Difference between limit superior & supremum of a sequence

The supremum is in fact the least upper bound of the set or sequence. That is, of all upper bounds, it is the smallest. All others are greater than it. Think about the open interval, say A = (0,1), in $\mathbb{R}$. 3, 75, 1.4 are all upper bounds of A, since $\forall x \in$ A, $x \le$ any of these. Of all the upper bounds of A, however, none can be smaller than 1. Thus 1 is the least upper bound, or supremum, of A. Similarly, 0 is the greatest lower bound, or infimum, of A.

Consider the sequence $\{ a_n\}$, where $a_n = (-1)^n$. You can probably determine that this does not converge. There are subsequences, $\{ a_{n_k}\}$ and $\{ a_{n_i}\}$, $n_k$ = 1,3,5... and $n_i$ = 2,4,6..., that do, to -1 and 1, respectively. So E = {-1,1} is the set of subsequential limits of $\{ a_n\}$. The supremum, or maximum of this finite set, is 1. This is the lim sup of $\{ a_n\}$. Similarly, lim inf = -1.

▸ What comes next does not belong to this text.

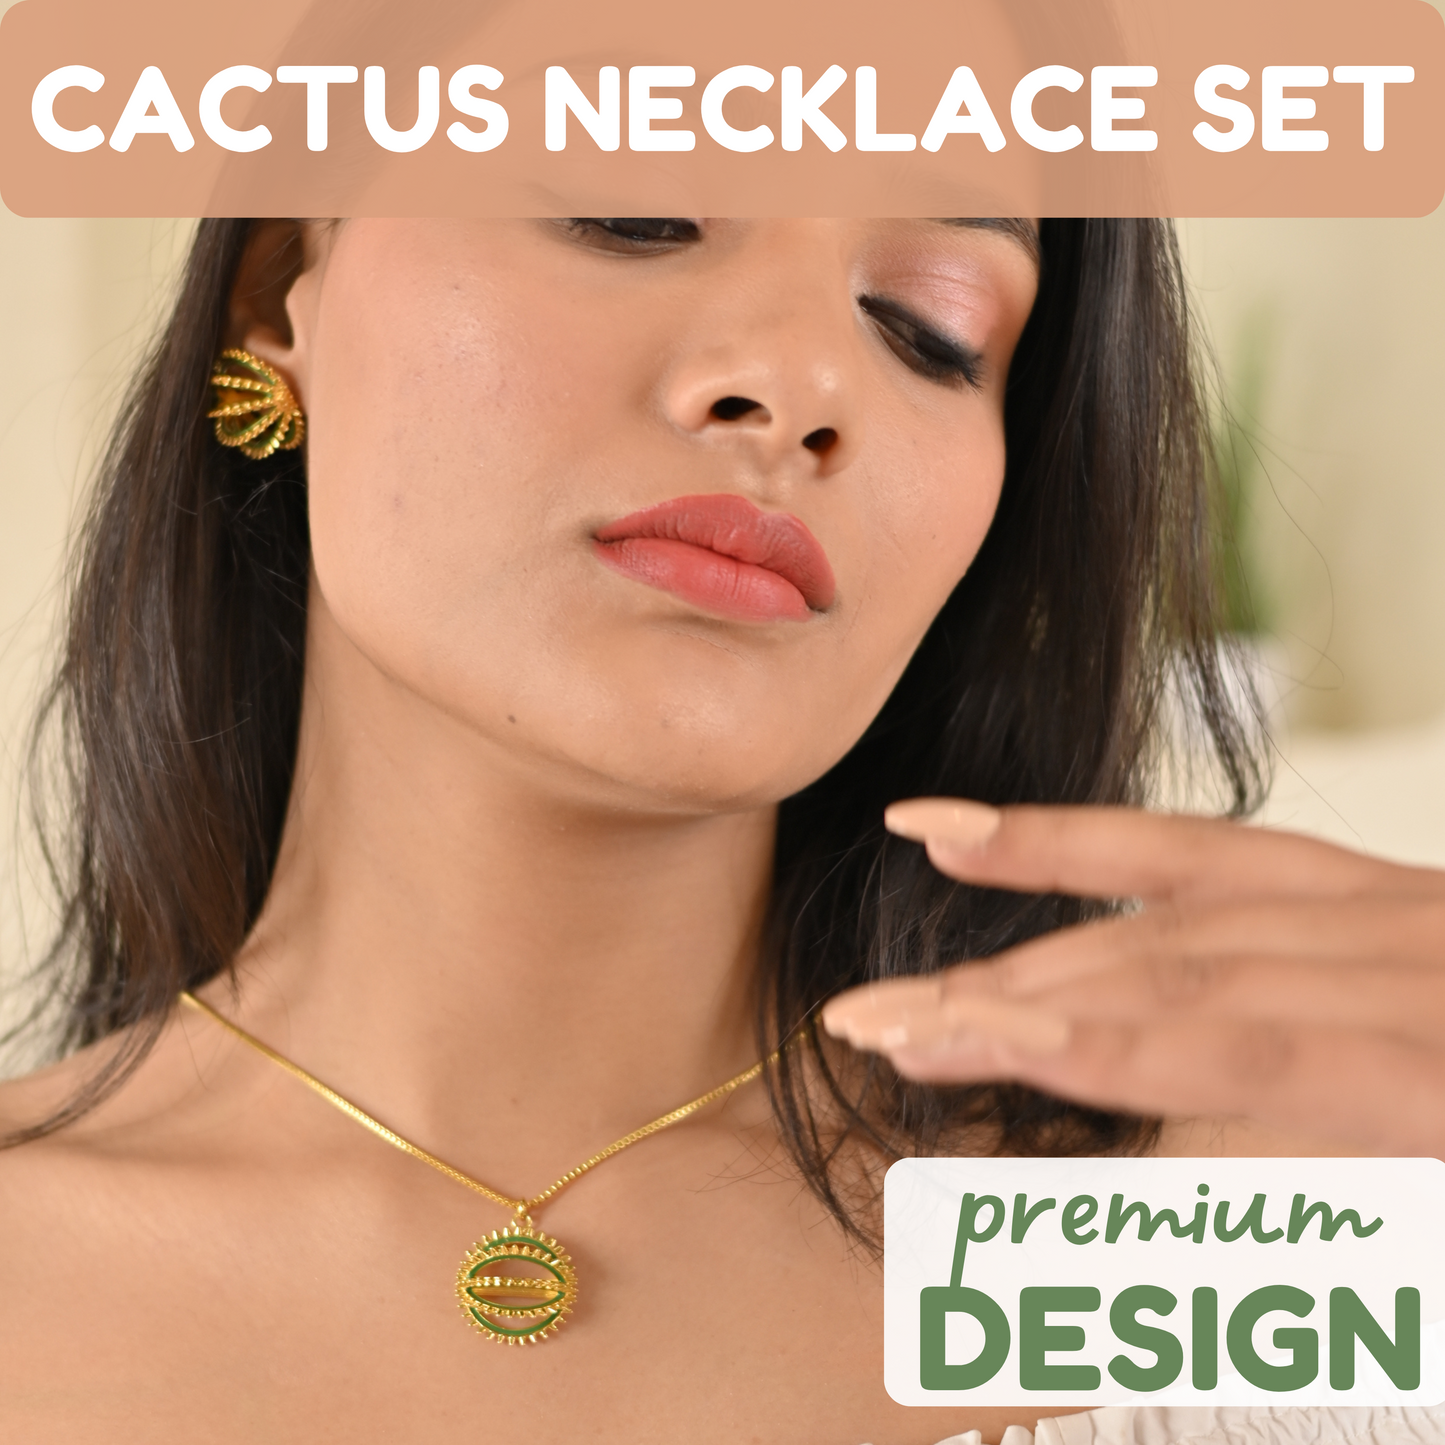 Cactus Necklace Set
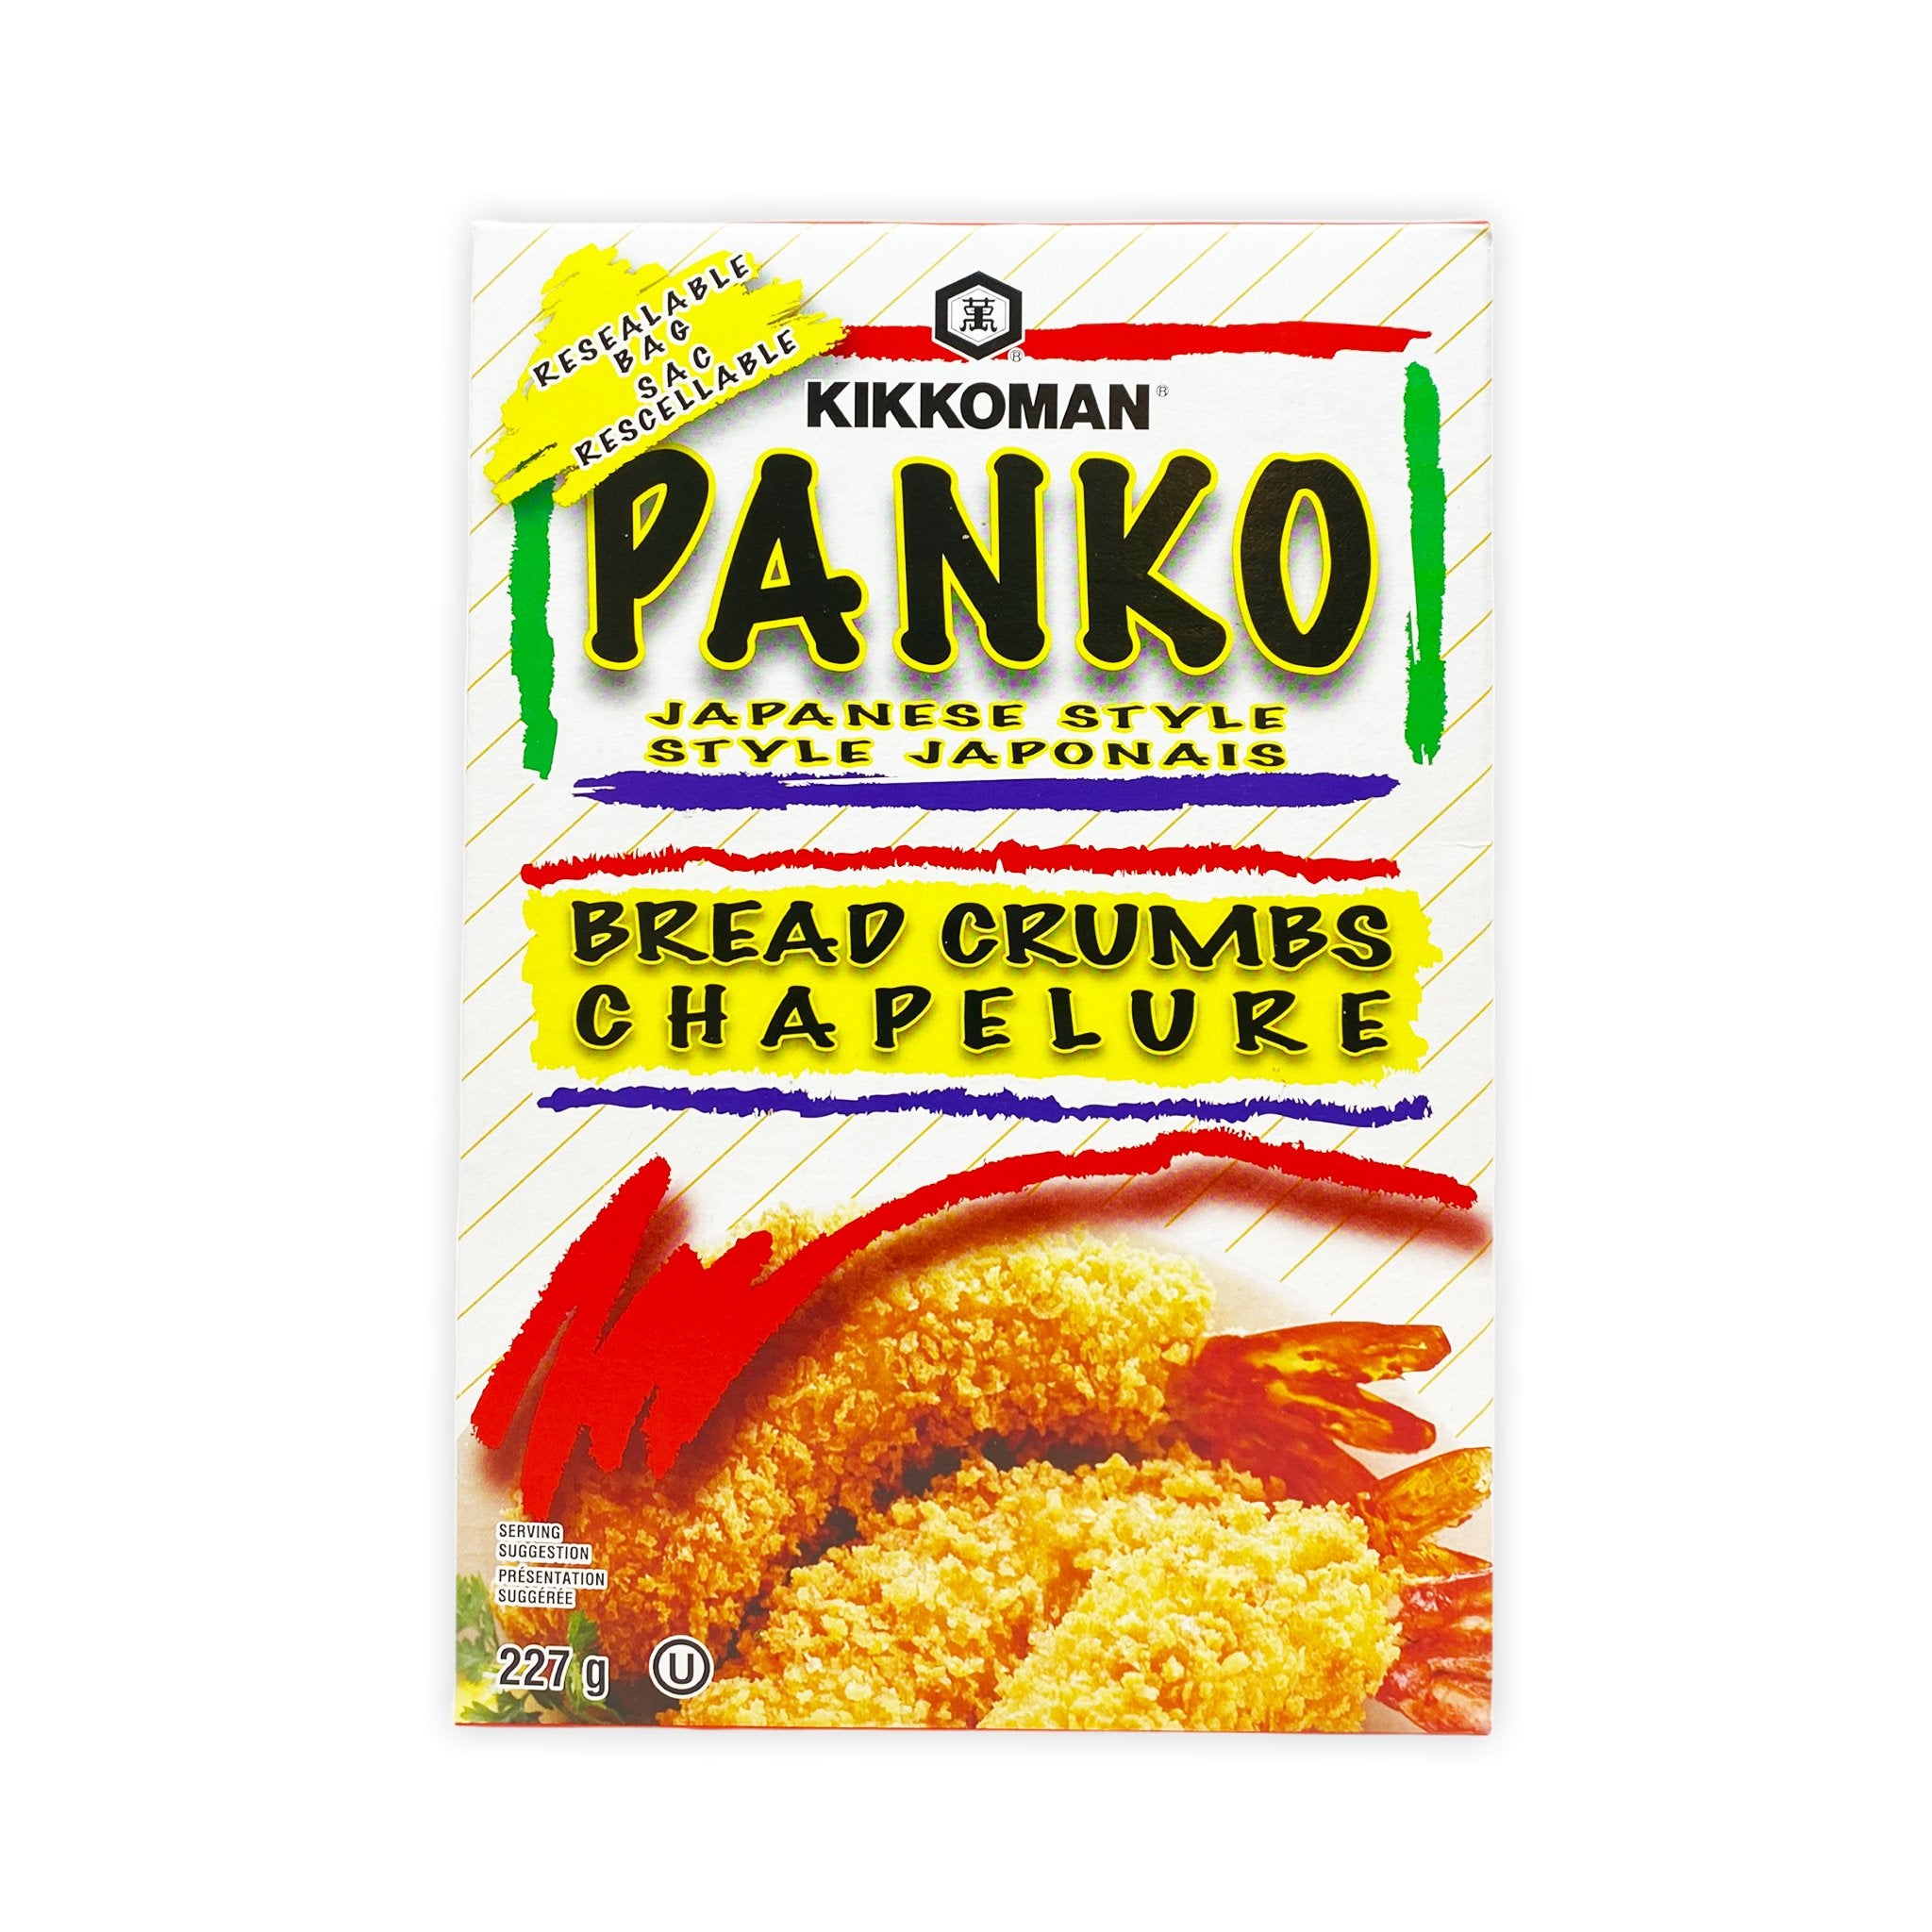 Panure panko – SUE FOODS

This also works, if the subsequences do not attain the limit either, as in the sequence $\{ b_n\}$, where $b_n$ = $\frac{1}{n} + (-1)^n$. Here, lim sup = 1, but sup = $\frac{3}{2}$, lim inf = inf = -1

Let $(a_{n})$ be a sequence of real numbers. Then the supremum of $(a_{n})$ is by definition the number $\sup_{n}a_{n} := \sup \{ a_{n} | n \in \mathbb{N} \}$. The infimum of $(a_{n})$ is defined likewise.

Now let $b_{n} := \sup_{k \geq n}a_{k}$ for all $n$, which intuitively means that we discard $a_{1},\dots, a_{n}$ and take the supremum of the remaining sequence for every $n$. Then the limit superior of $a_{n}$ is defined as the number $\lim_{n \to \infty}b_{n} = \inf_{n}b_{n}$ (in order that you get a better understanding of this, you may want to try proving the preceding equality and the existence of the numbers involved). The limit inferior of $(a_{n})$ is defined likewise.